__Description of the task__:
Apart from the images, the entire listing below must be restated word for word.

__Supplied data__:
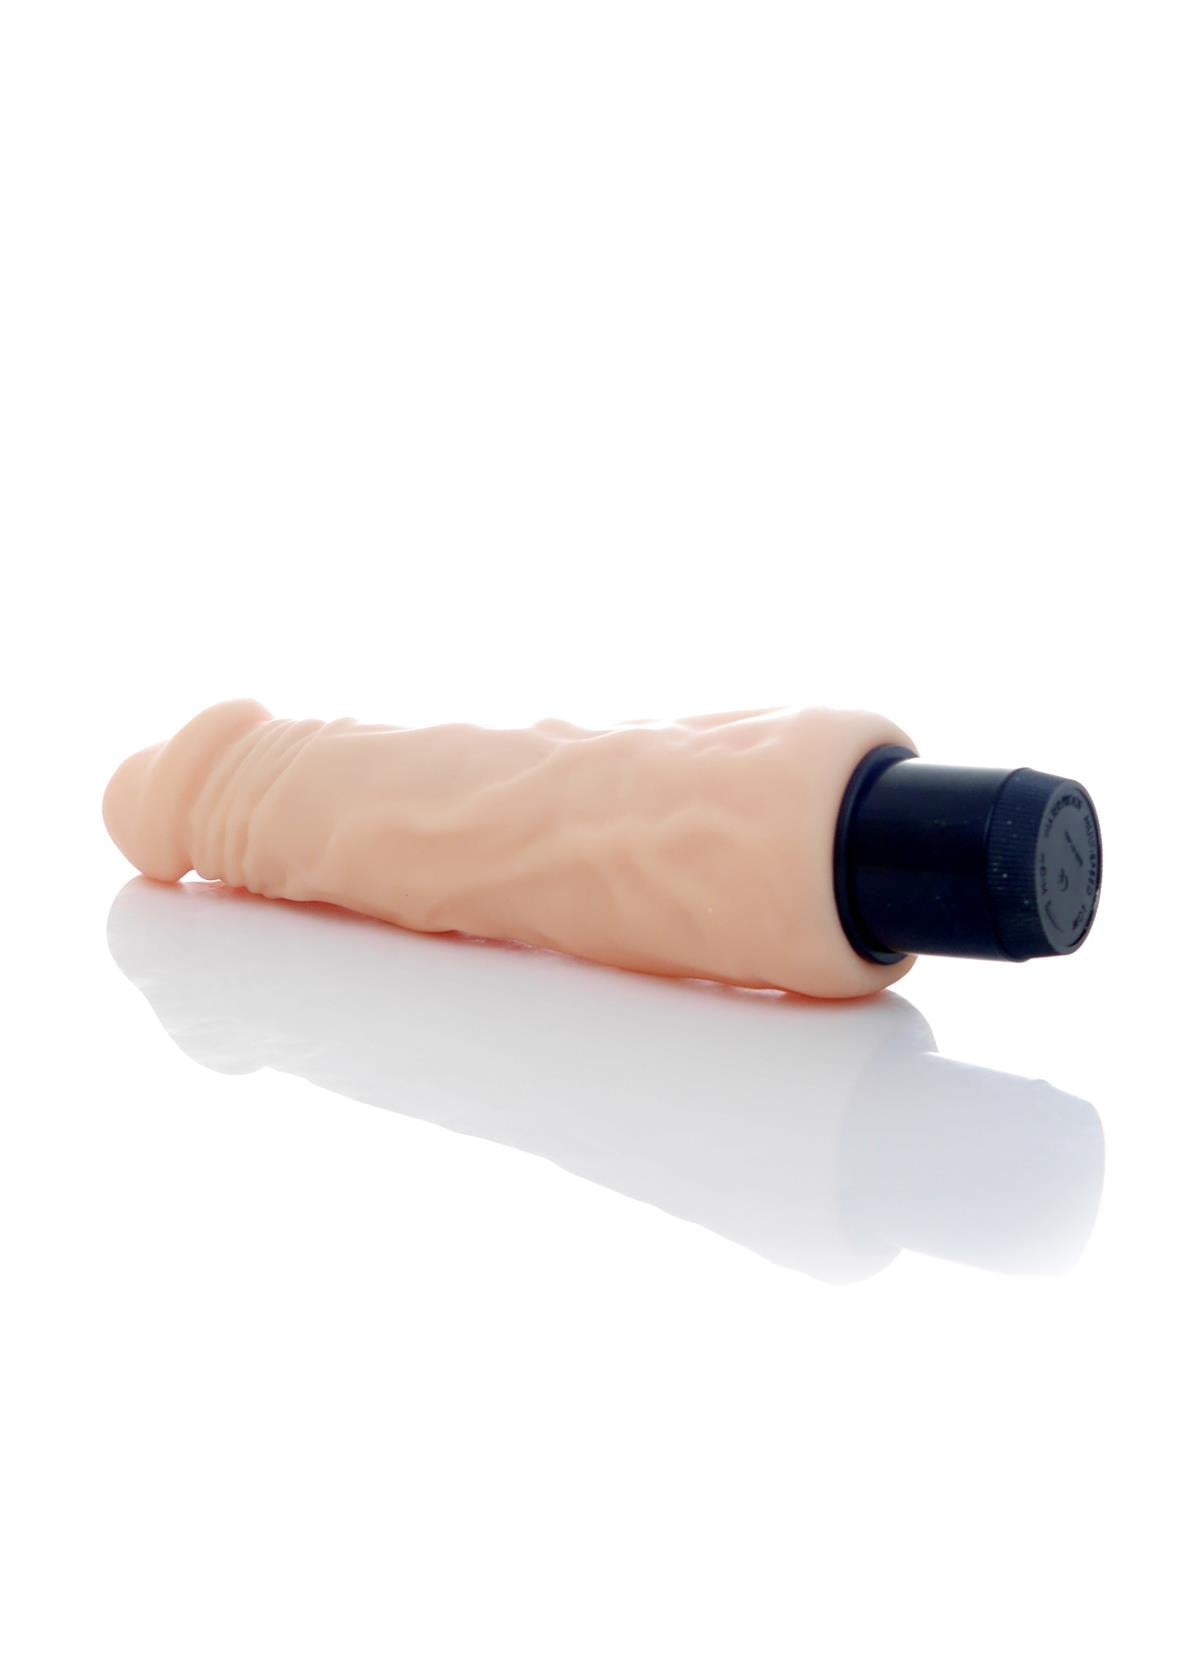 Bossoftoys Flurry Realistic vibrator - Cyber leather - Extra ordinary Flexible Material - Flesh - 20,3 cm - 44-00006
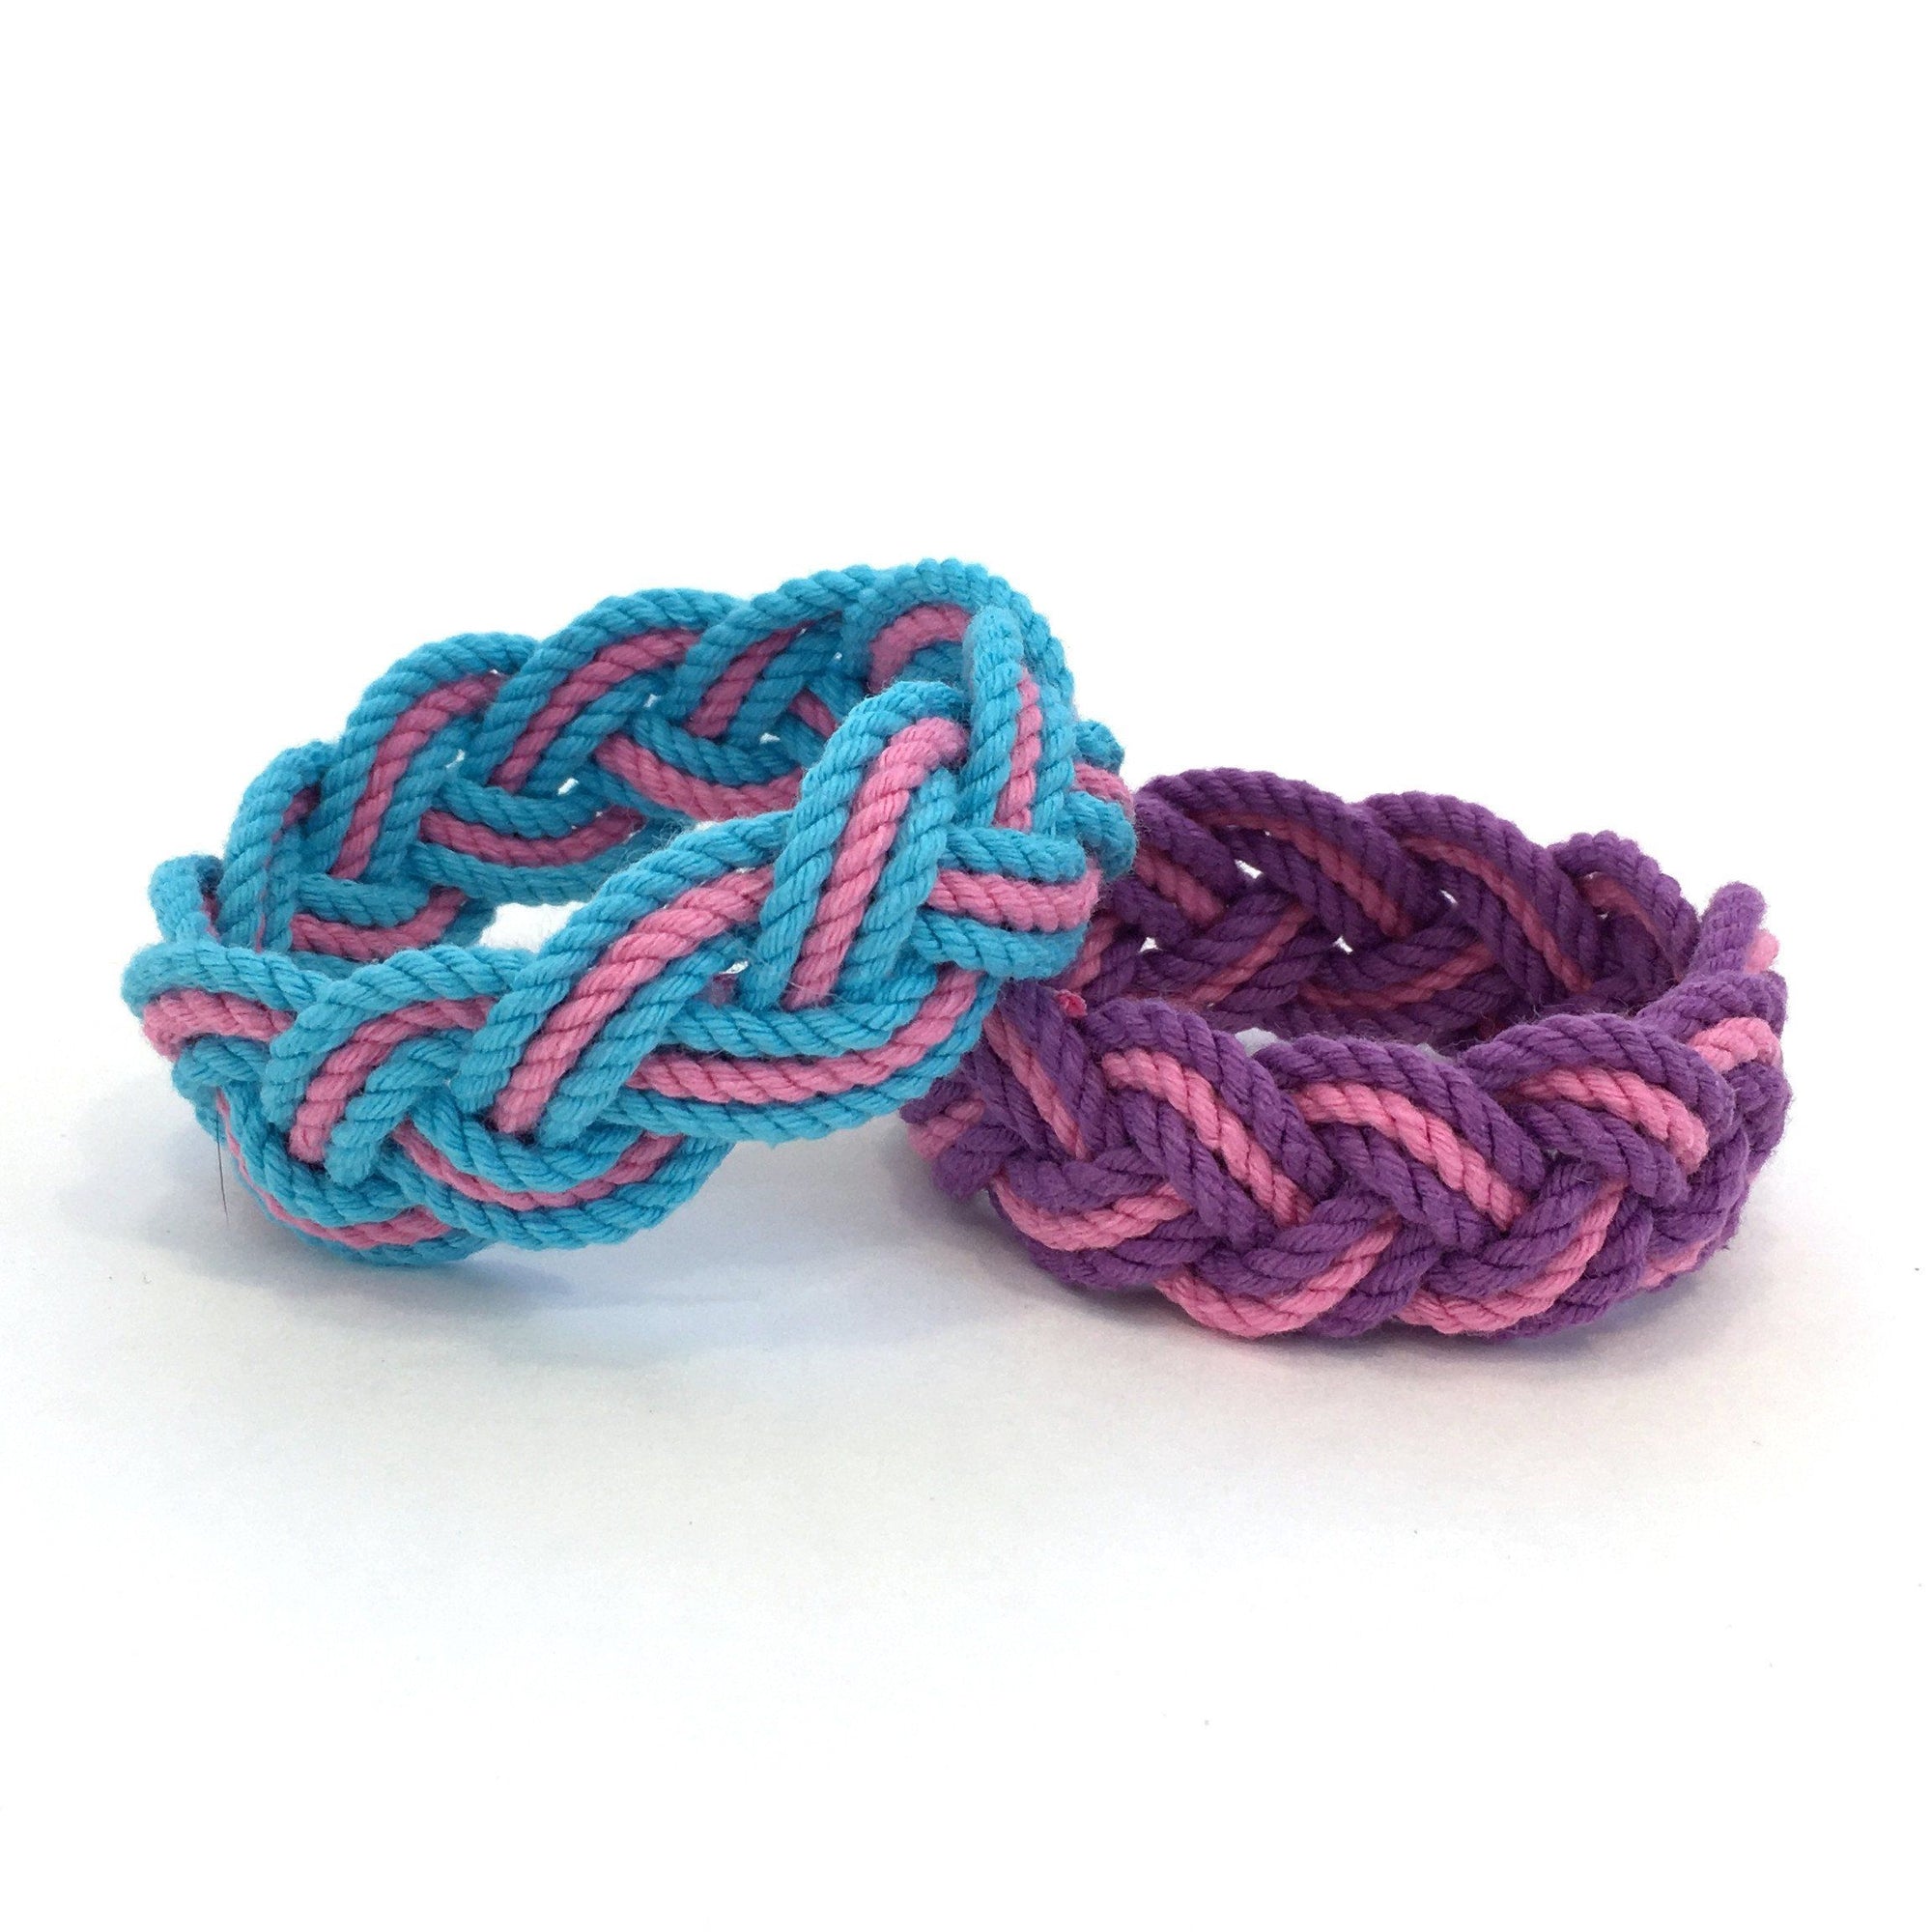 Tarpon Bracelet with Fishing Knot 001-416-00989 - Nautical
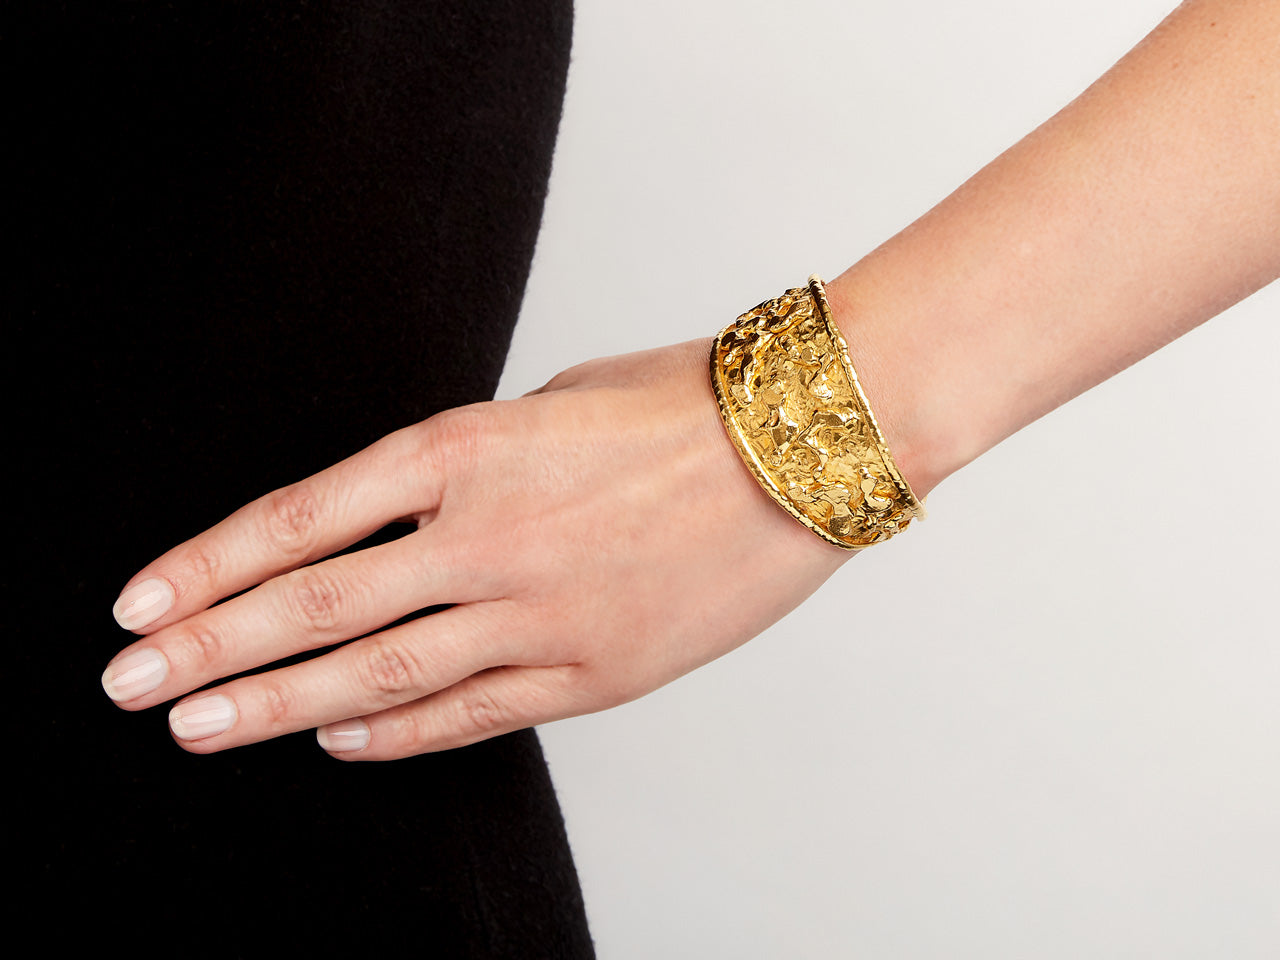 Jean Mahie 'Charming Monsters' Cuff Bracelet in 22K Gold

__Solution for this task__:
 Bossoftoys Flurry Realistic vibrator - Cyber leather - Extra ordinary Flexible Material - Flesh - 20,3 cm - 44-00006
 Tarpon Bracelet with Fishing Knot 001-416-00989 - Nautical
 Jean Mahie 'Charming Monsters' Cuff Bracelet in 22K Gold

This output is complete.